Whoa.  Slow down.  What do you mean by that cap word?


----------



## FuryRosewood

www.dropbox.com

Use this, it creates local storage on your computer, and you can create links to the public folder on your machine and host the files via dropbox, without the stupid downsizing that those third party image hosting sites seem to love to do.

also feel free to use me as a referral, and you will get an extra 250 mb of storage ([email protected])


----------



## Jamebonds1

FuryRosewood said:


> www.dropbox.com
> 
> Use this, it creates local storage on your computer, and you can create links to the public folder on your machine and host the files via dropbox, without the stupid downsizing that those third party image hosting sites seem to love to do.
> 
> also feel free to use me as a referral, and you will get an extra 250 mb of storage ([email protected])
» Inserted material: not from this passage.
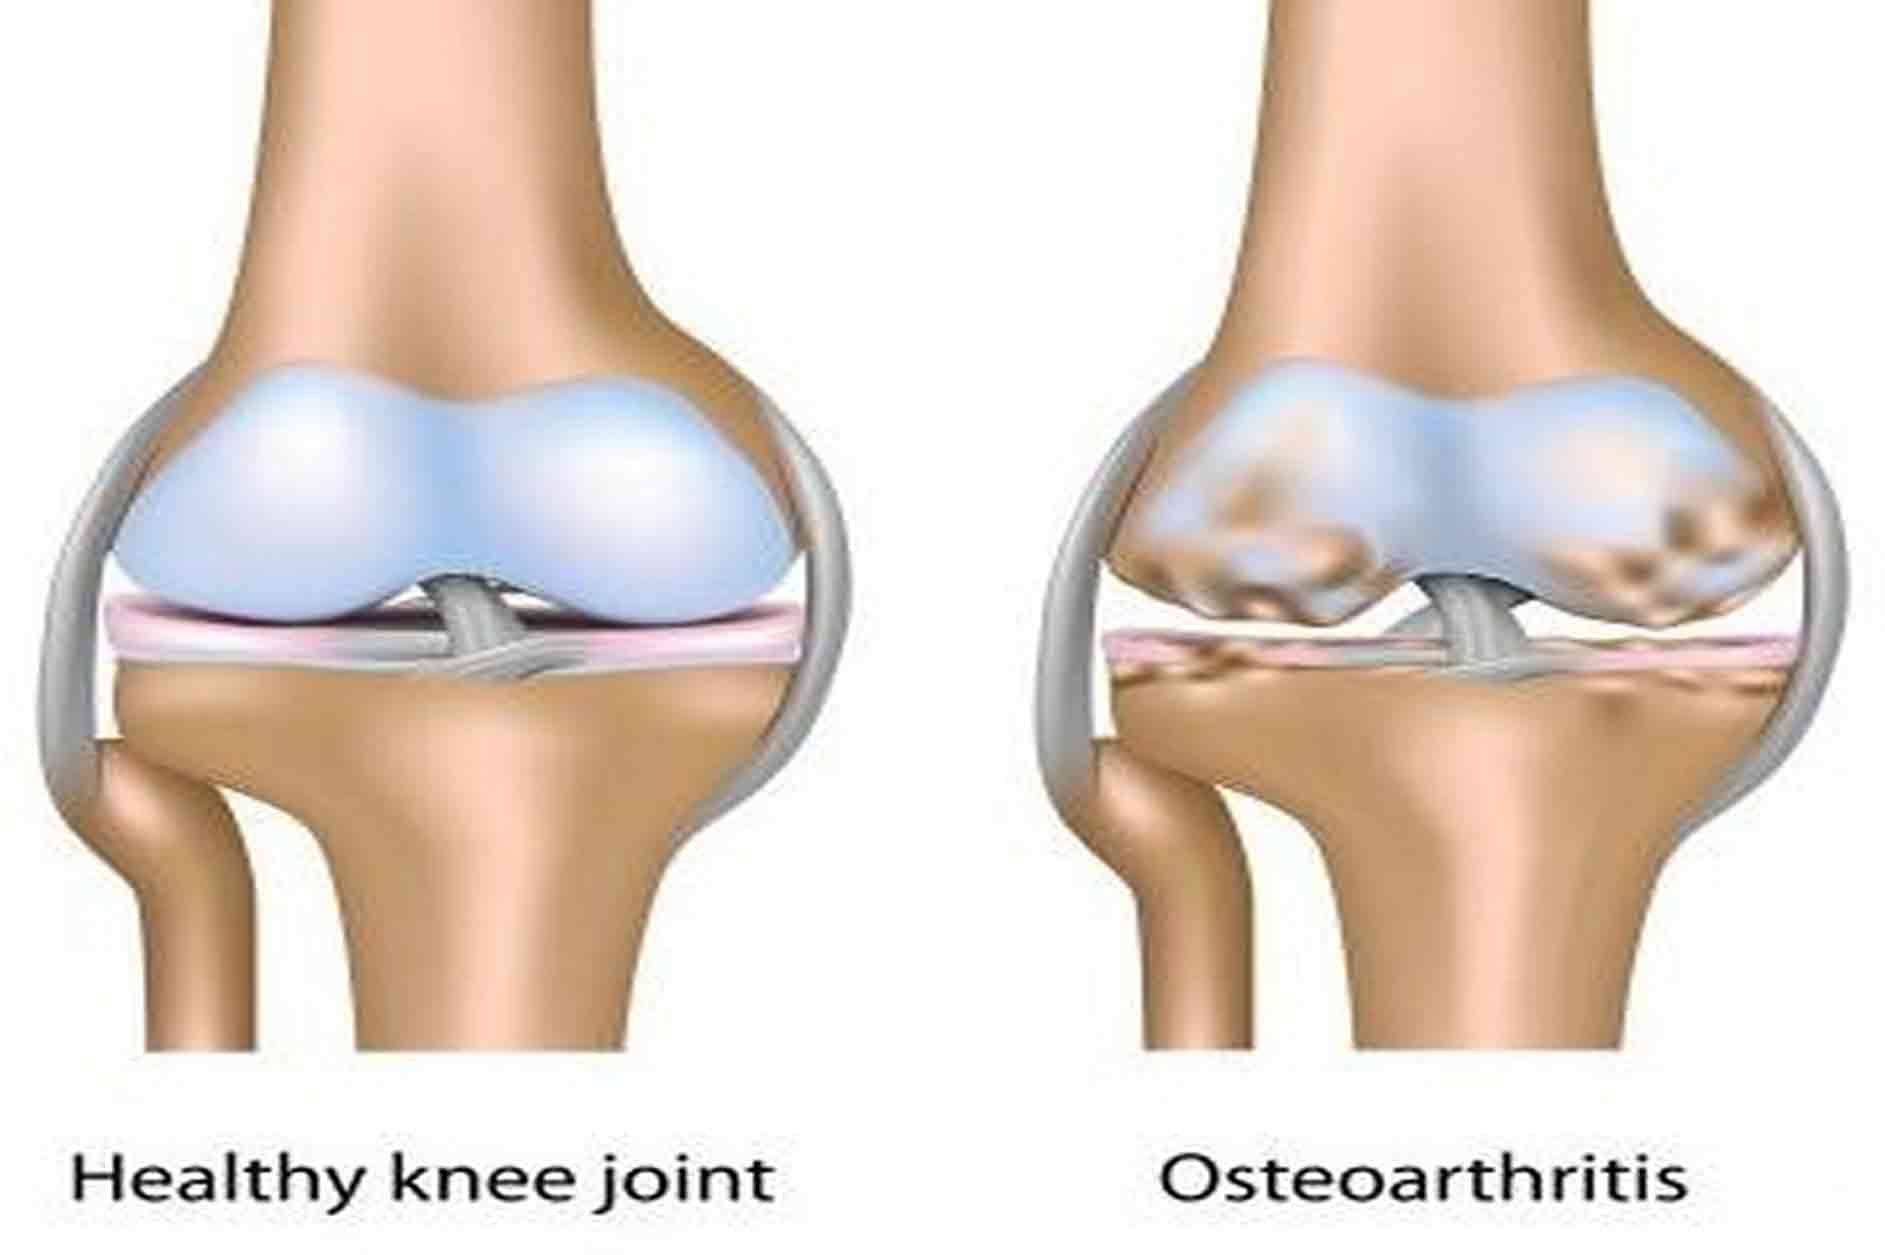 доа, остеоартроз, лечение остеоартрита суставов, сустав воспаление, остеоартрит, остеоартрит суставов, остеоартрит лечение, коленный остеоартрит

Not really in interest to surf different website anymore but thank for referral to me.  Also, downsize picture are better than just fully upload then put full size of picture link to here.  It will make people losing interest in people's picture if it take too long to download picture on website.  I'm sorry but it is way that people are freak out if load picture too long and losing interest.  

HINT:  You won't get my full size picture here unless you go to my profile and then click download there.  Click on picture here, then download full size.  Easy.  Plus, it is 1920X1080p picture.


----------



## turbobooster

Oke Back on topic.

max for my card on the core. no mods, and no extra volts used.
the memory will go a little higher, but i find it oke like this.


----------



## Jamebonds1

Nice set!  Almost beat my gtx 680 by 30.


----------



## Gooberman

This thread shall never be updated lol


----------



## turbobooster

Jamebonds1 said:


> Nice set!  Almost beat my gtx 680 by 30.



thx, will put the cpu higher tommorow and give the mem a extra 50mhz thats what i can go still higher at the mem.


----------



## turbobooster

Gooberman said:


> This thread shall never be updated lol



no and i send the mod 3 messages and never get 1 back.


----------



## Jamebonds1

SmileMan is very busy remember?  

Anyway, I will overclock highest with my i7 3770K by 6 GHz


----------



## turbobooster

i know he is very busy, i now him, lol. he,s on vacation.
and what do you mean with I will overclock highest with my i7 3770K by 6 GHz . 


not on the z77x-ud3h


----------



## Gooberman

and not on a 3770k lol


----------



## turbobooster

and i,m also not on a 3770k, not even on a i7.


----------



## Jamebonds1

You know im tease lol.  But someone did overclocked up to 7 ghz on z77-ud3h


----------



## claptonman

I'll throw mine up later, seeing as though I got my second 670...


----------



## voyagerfan99

claptonman said:


> I'll throw mine up later, seeing as though I got my second 670...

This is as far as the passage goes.